- _Problem statement_:
Excluding any images, copy all of the lines below precisely as written.
-- Data provided follows --
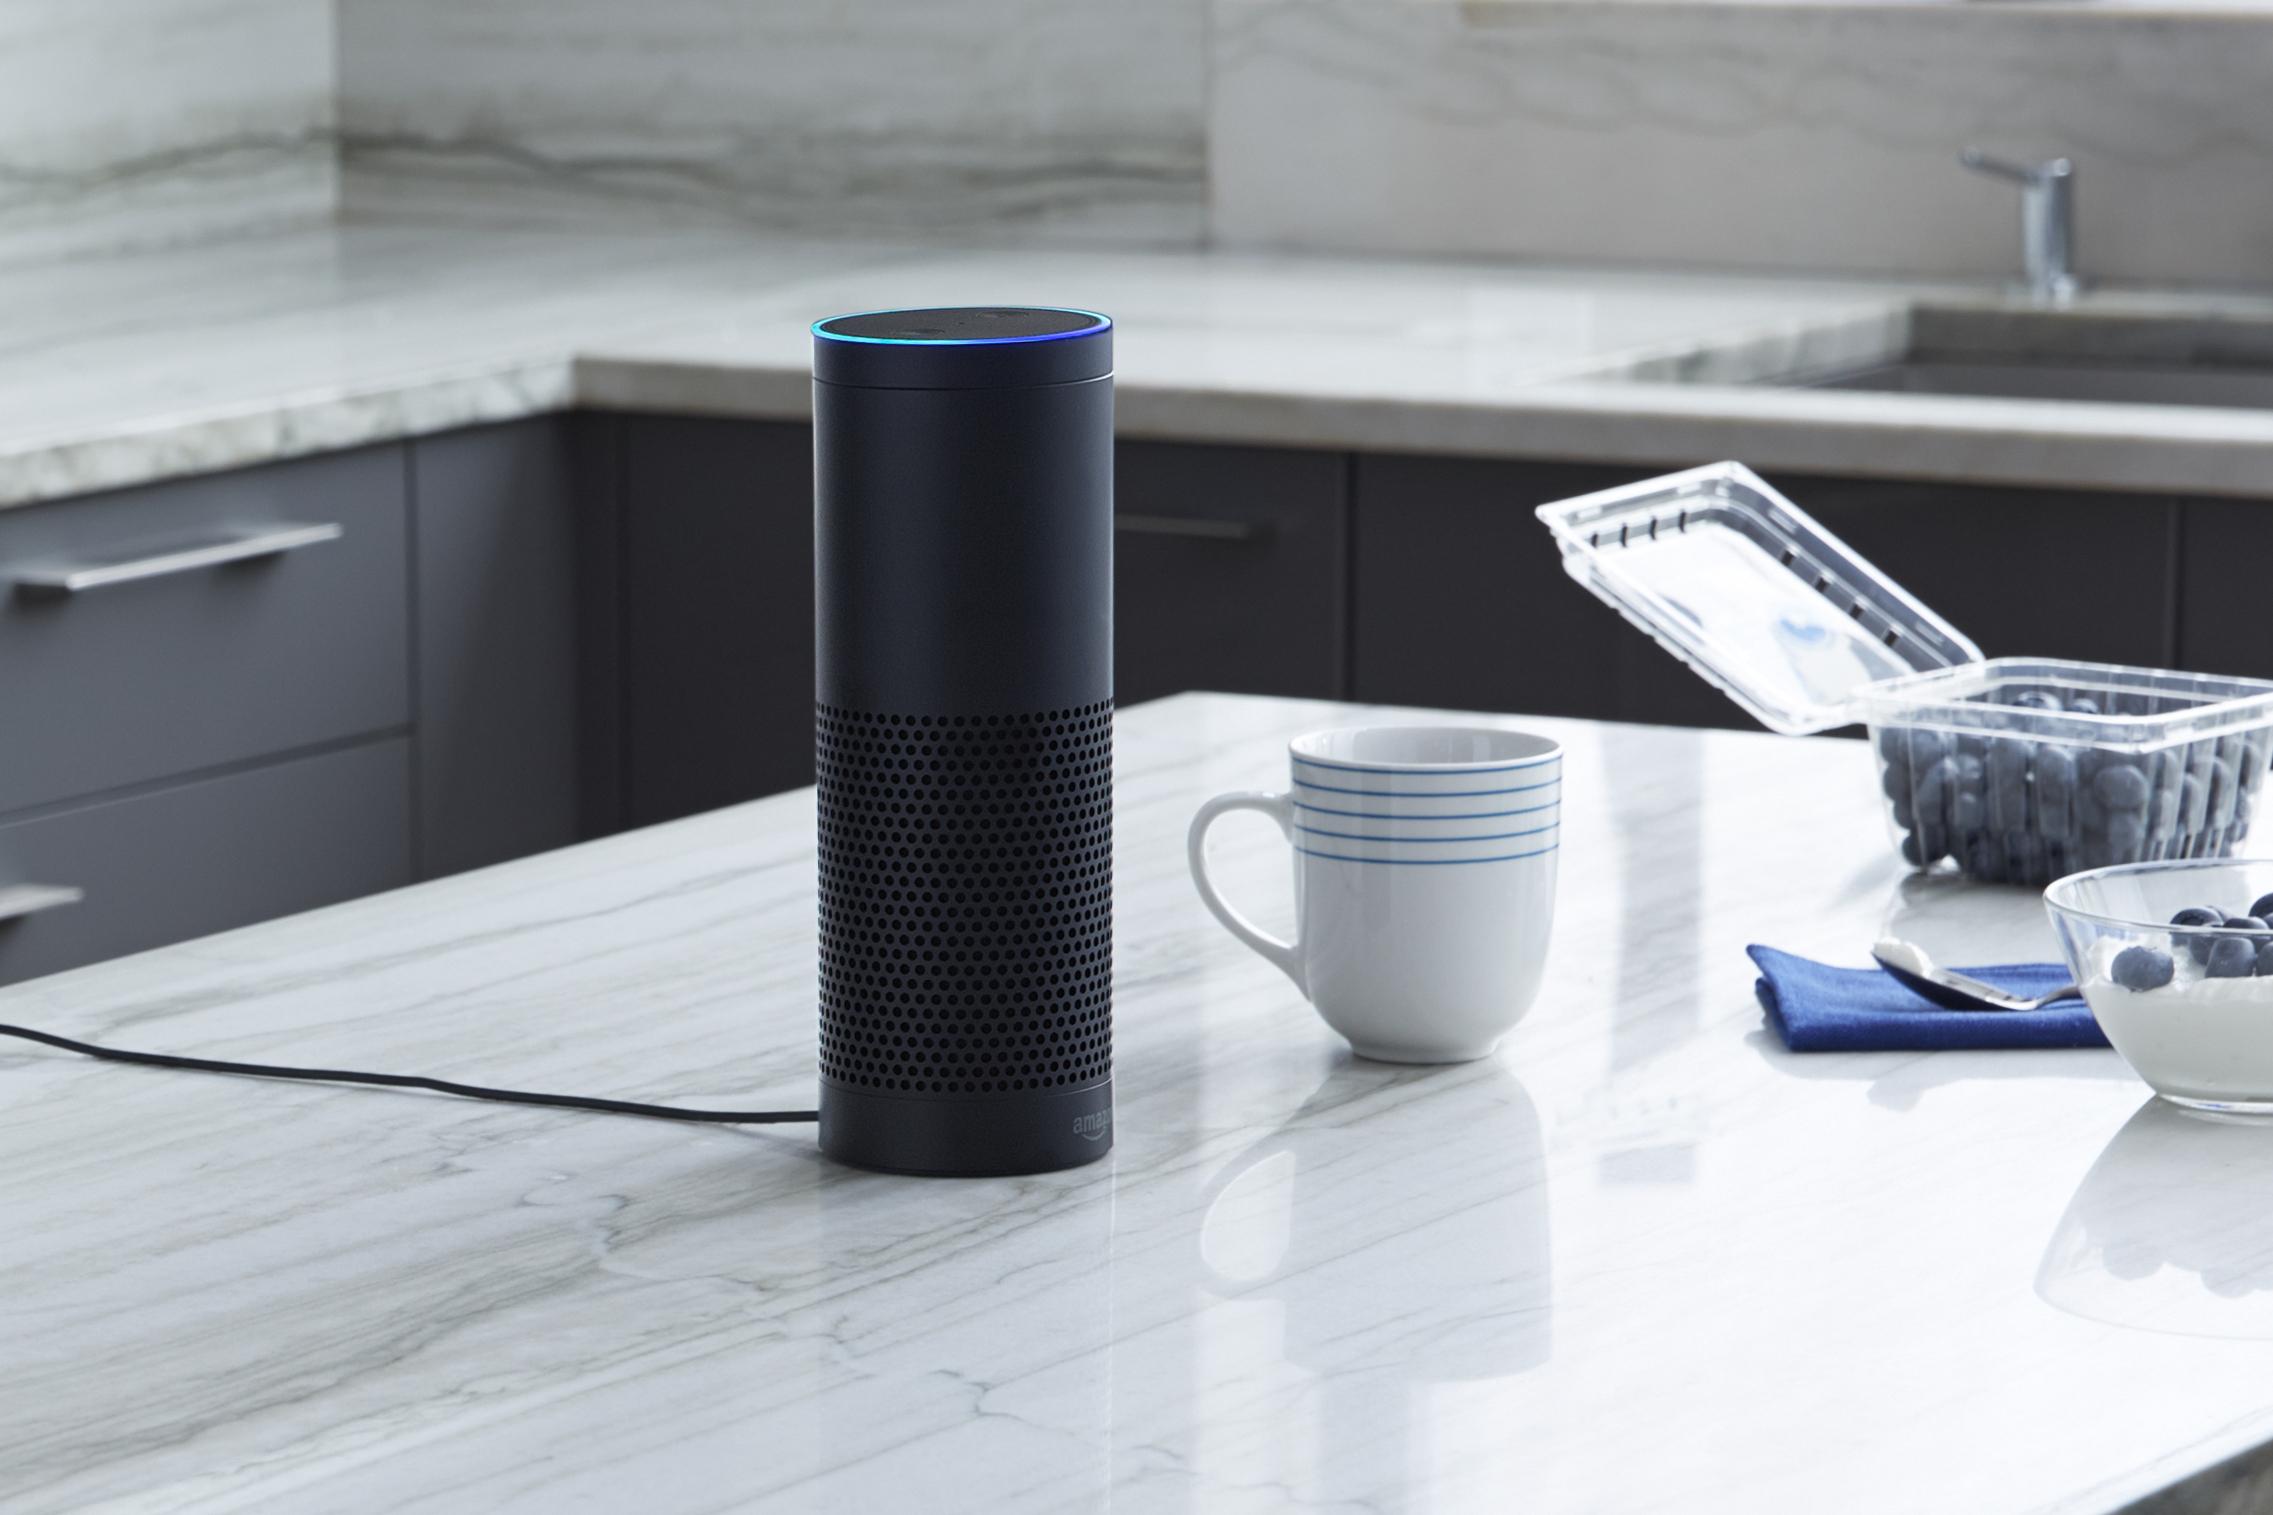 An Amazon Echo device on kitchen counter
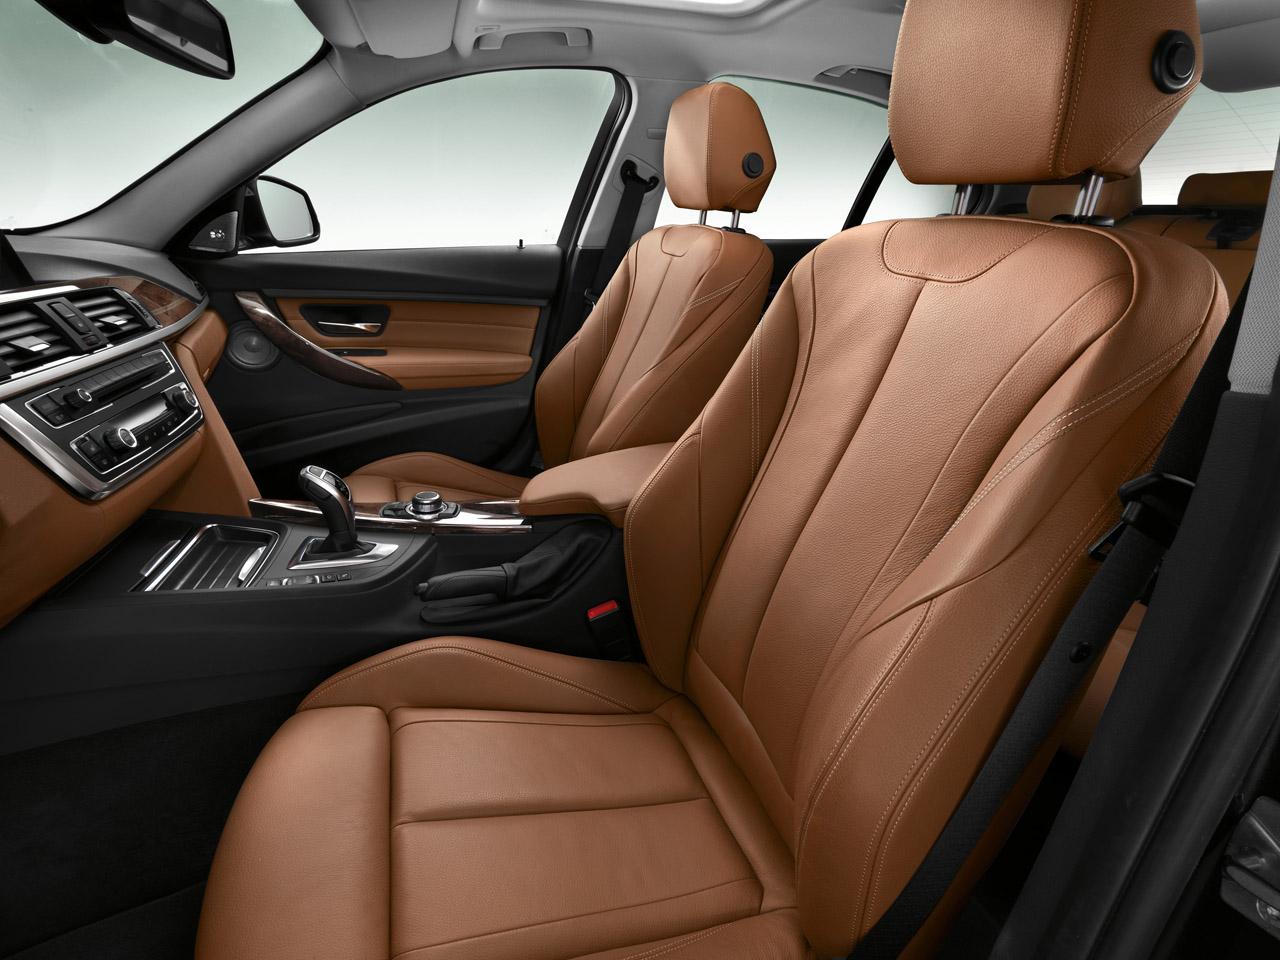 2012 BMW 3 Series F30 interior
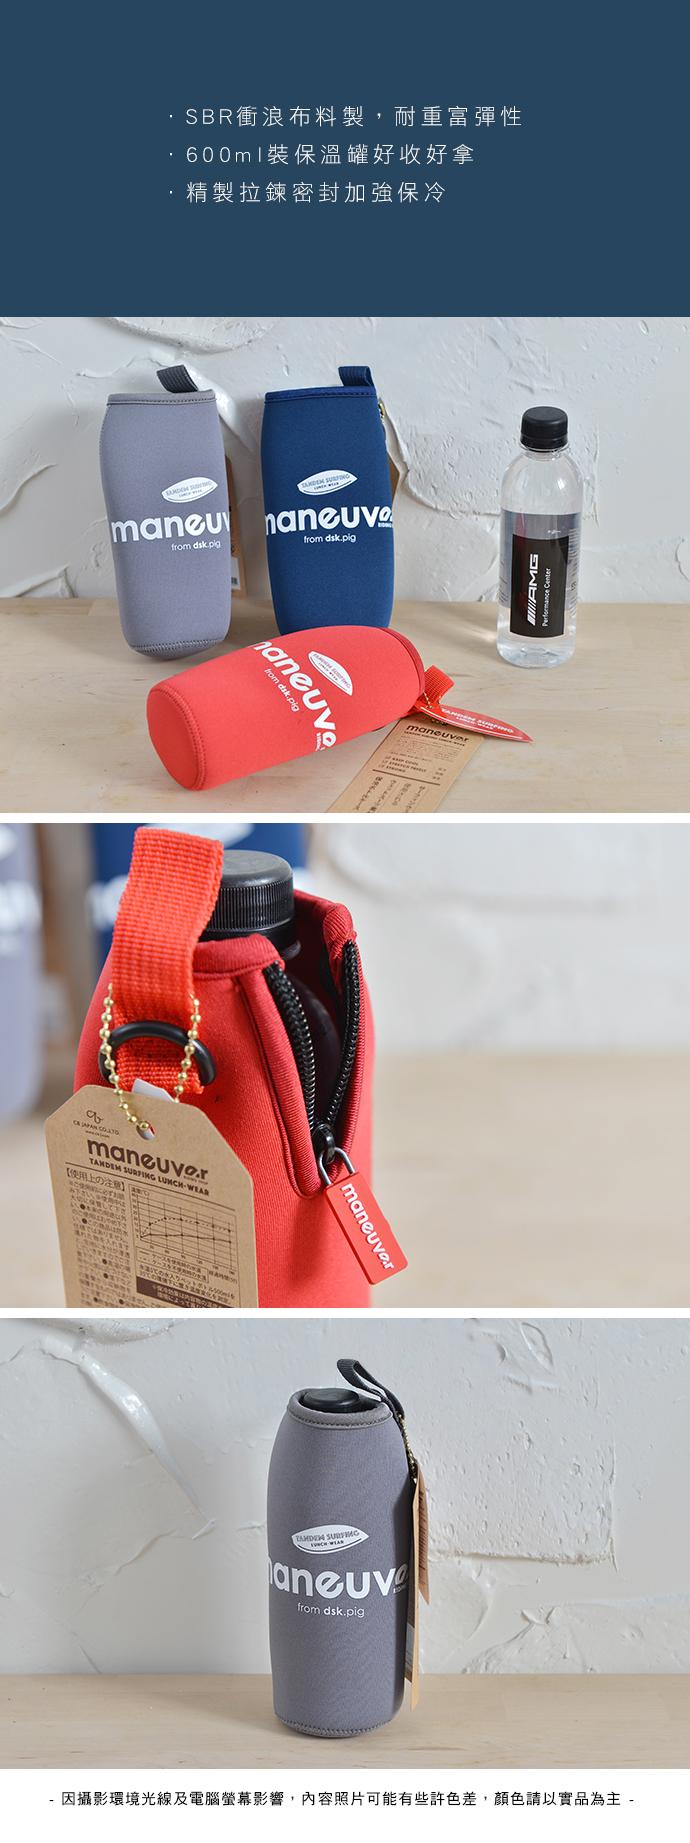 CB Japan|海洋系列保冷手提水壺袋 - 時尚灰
-- Data provided concluded --
- _Expected output_:
 An Amazon Echo device on kitchen counter
 2012 BMW 3 Series F30 interior
 CB Japan|海洋系列保冷手提水壺袋 - 時尚灰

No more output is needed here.